── MATERIAL PROVIDED

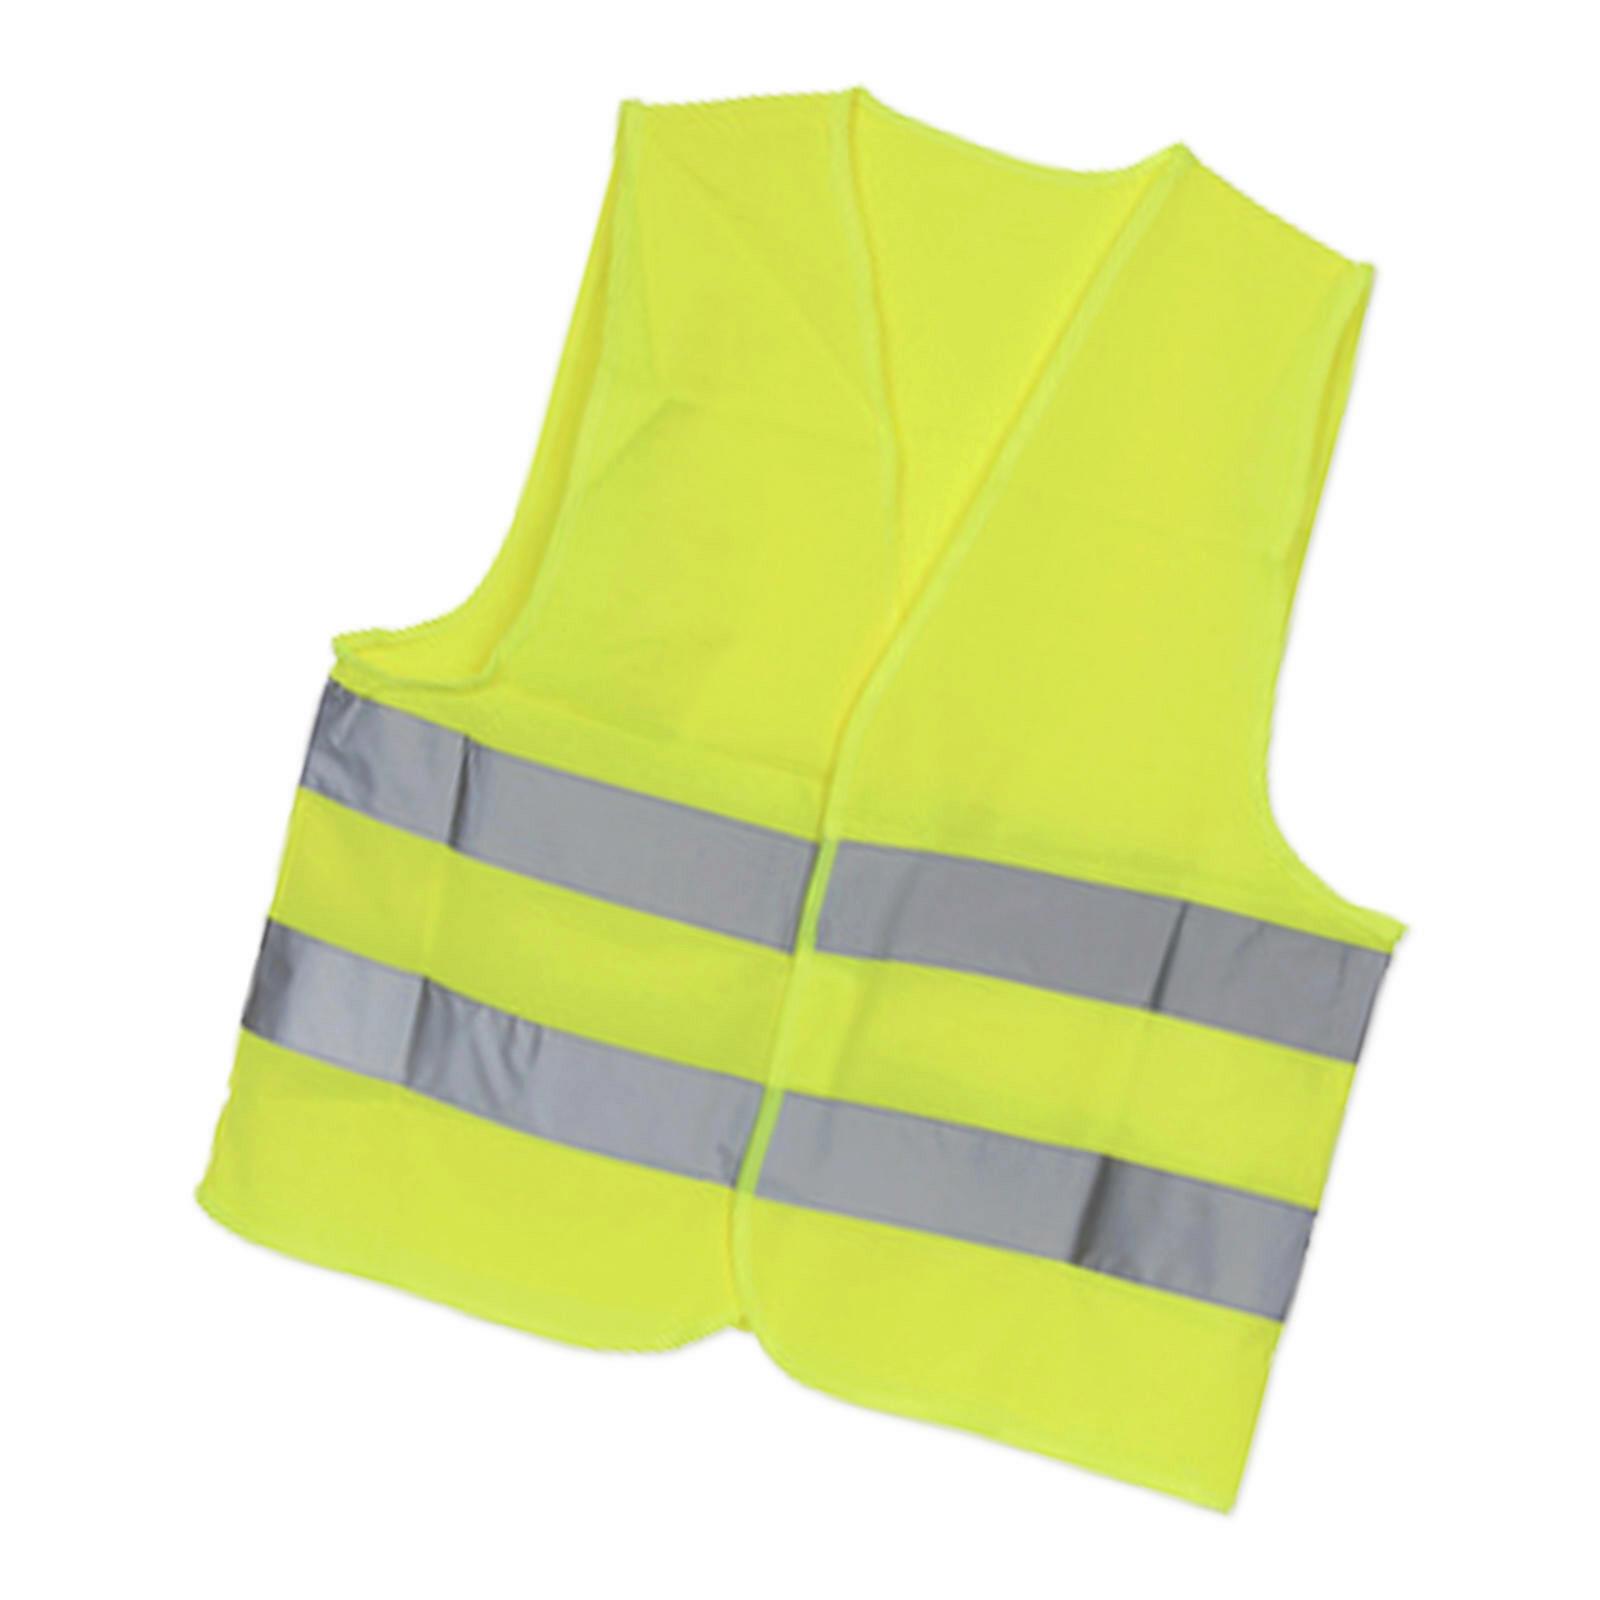 Kinderwarnweste Gelb
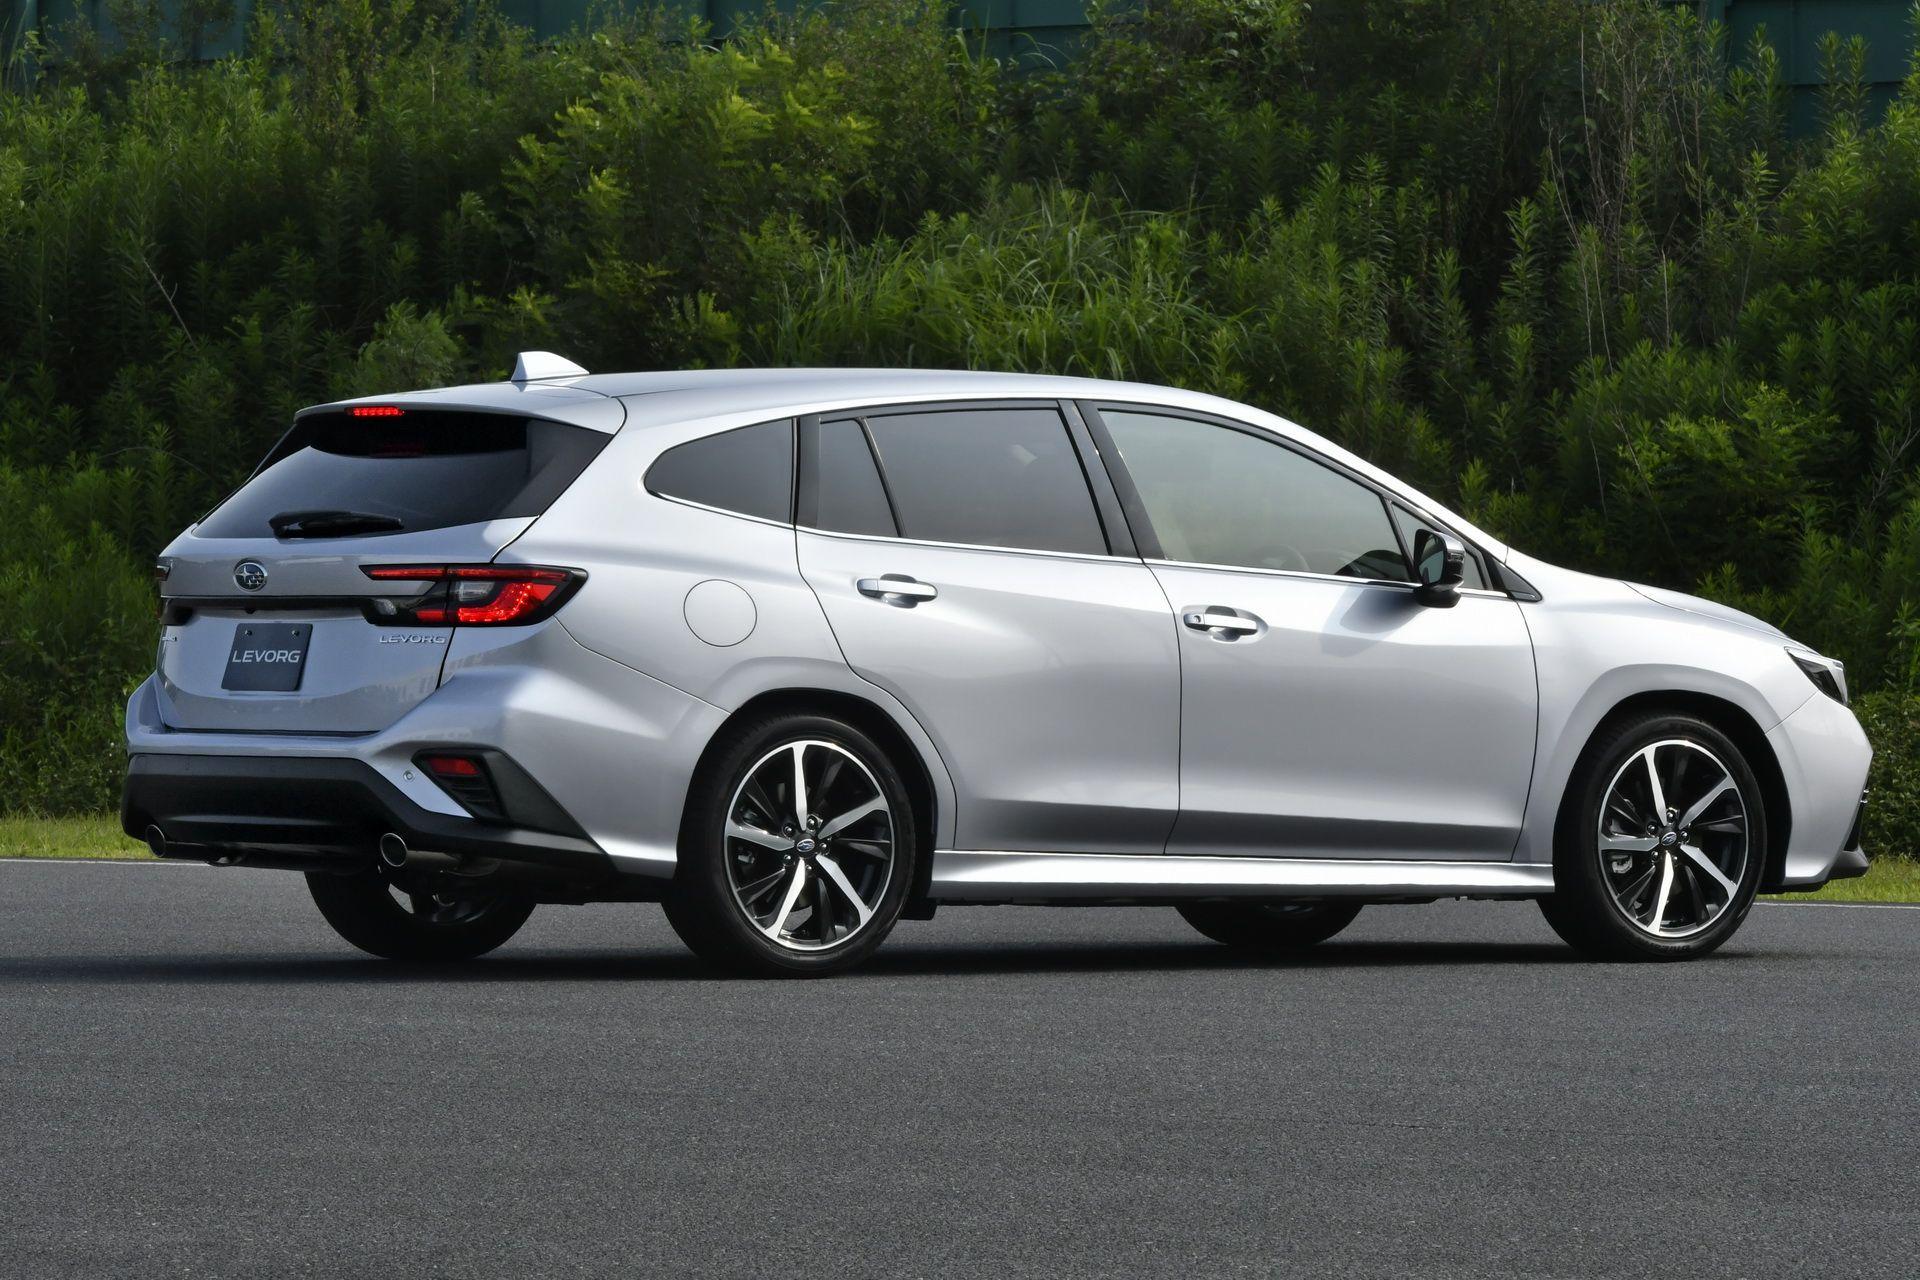 2021_Subaru_Levorg_0040
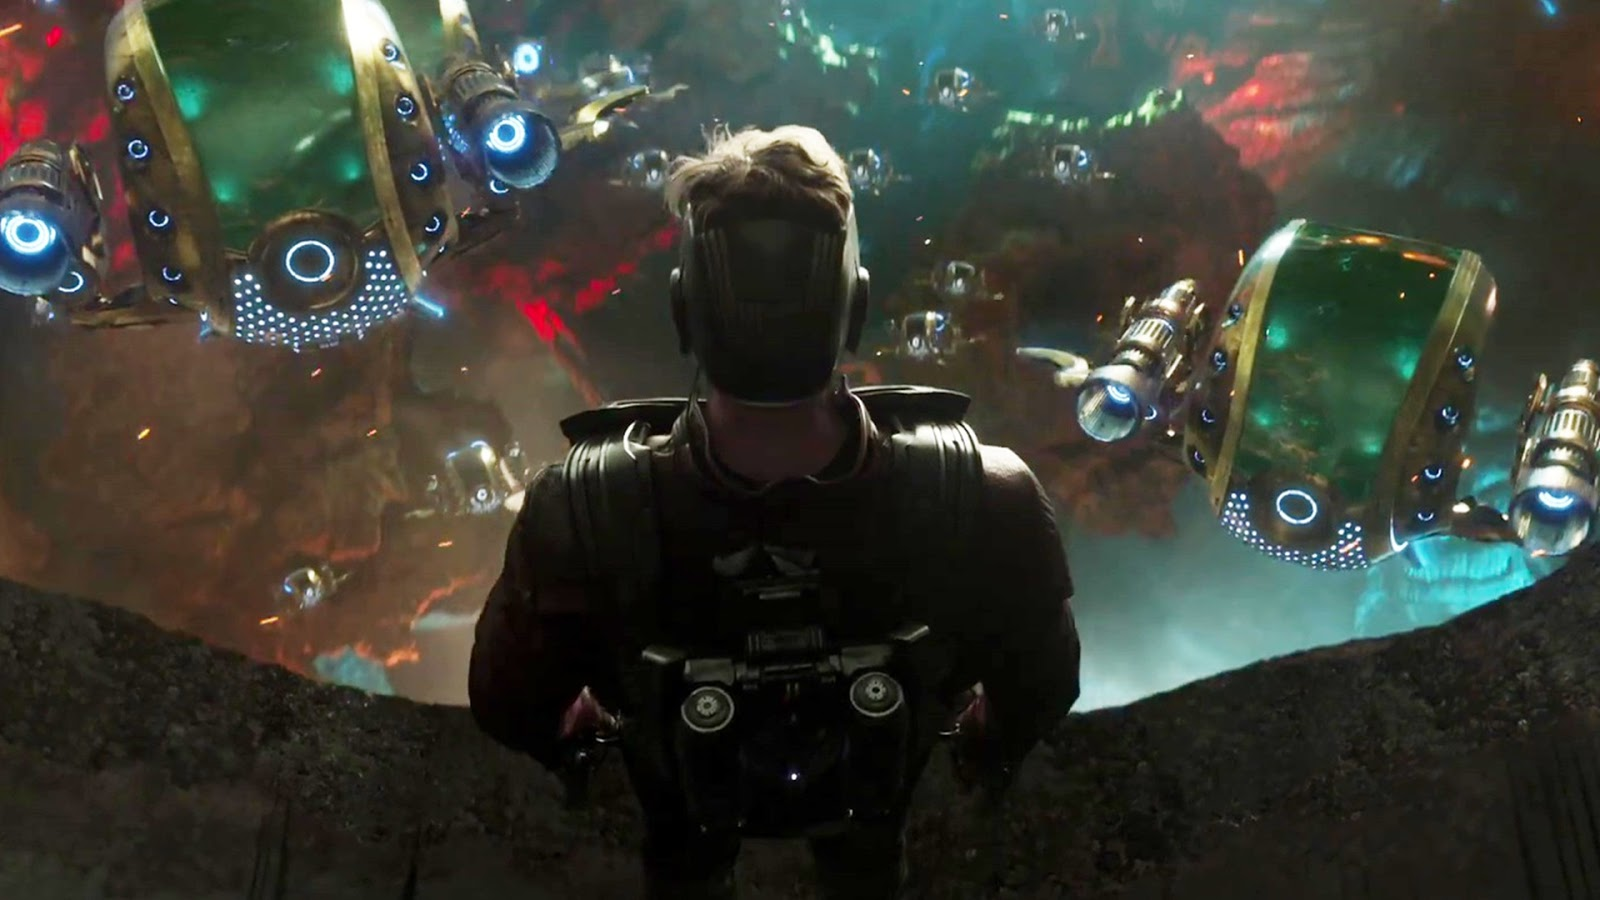 Guardians Of The Galaxy Vol 2 Wallpaper: BurtonReviews Guardians Of The Galaxy Vol. 2: Play It Again DJ

────

PROBLEM STATEMENT: Write out again every line above exactly as given; the pictures do not belong in the copy.

SOLUTION TO THE EXERCISE:
 Kinderwarnweste Gelb
 2021_Subaru_Levorg_0040
 Guardians Of The Galaxy Vol 2 Wallpaper: BurtonReviews Guardians Of The Galaxy Vol. 2: Play It Again DJ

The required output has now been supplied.